The role of advanced technologies: As the exposure to vulnerability increases with larger networked systems, across users and verticals such as mobile business, IoT, smart cities, broadband, 5G and telecom, the era of ubiquitous connectivity demands to be built on airtight cybersecurity. In this effort, the use of new security technologies such as Blockchain, advanced encryption, and artificial intelligence, among others, all have a large role to play.

As the financial services industry continues to move deeper into digitalization, cyber-attack will assuredly pose a threat to profit, data privacy, brand equity, and customer loyalty. As cyber threats continue to become more sophisticated over time, banking and financial services are already finding themselves in a critical race against time.

Need for continuous investment: With the need to continuously update their cybersecurity products and hire new specialists that can stay ahead of cybercriminals, the need to continuously invest in modernizing cybersecurity technology has become a core business concern. The critical task of innovating continuous upgrades and improvement can pose a significant long-term challenge for cybersecurity providers as well as financial institutions.

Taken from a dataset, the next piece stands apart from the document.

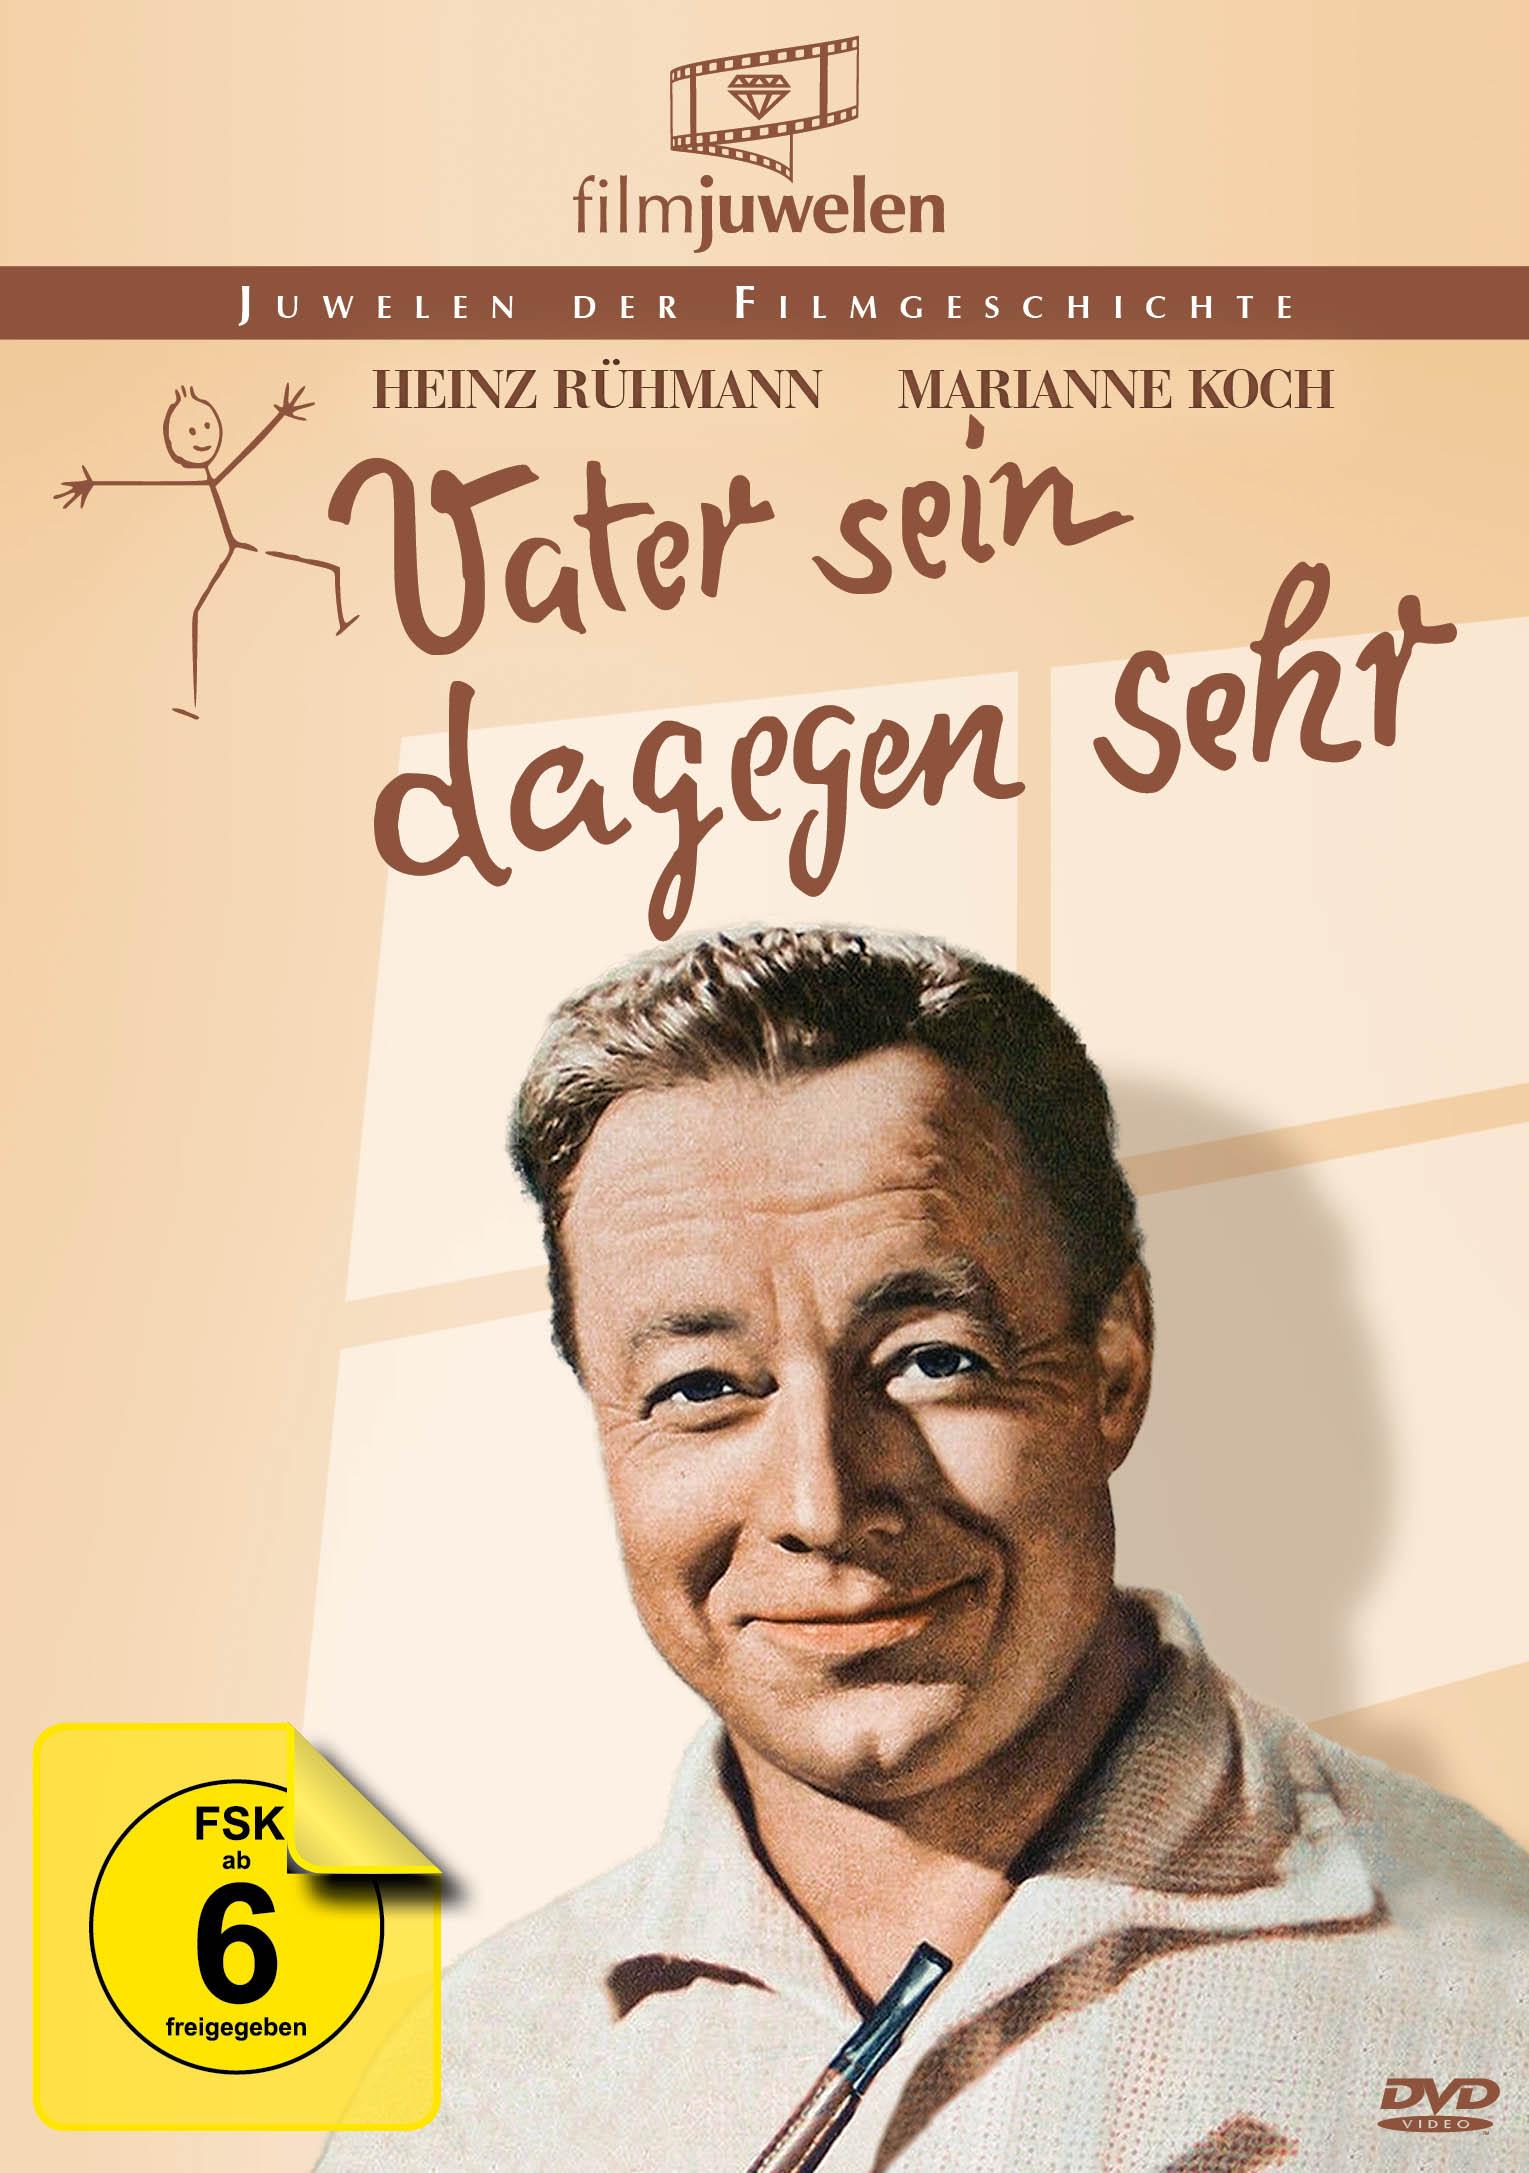 Heinz Rühmann - sehr sein dagegen DVD Edition Vater

Lack of adequate talent: Companies place a significant demand on highly skilled individuals and products, but there is evidence that the lack of skill and unawareness about technology among the common users poses a much higher vulnerability. The lack of training or complete absence of digital literacy is perhaps the largest threat to financial organizations. And while many companies are working overtime to train and upgrade their many millions of human workers for internal security, they have nothing but technology to assist them with their billions of customers.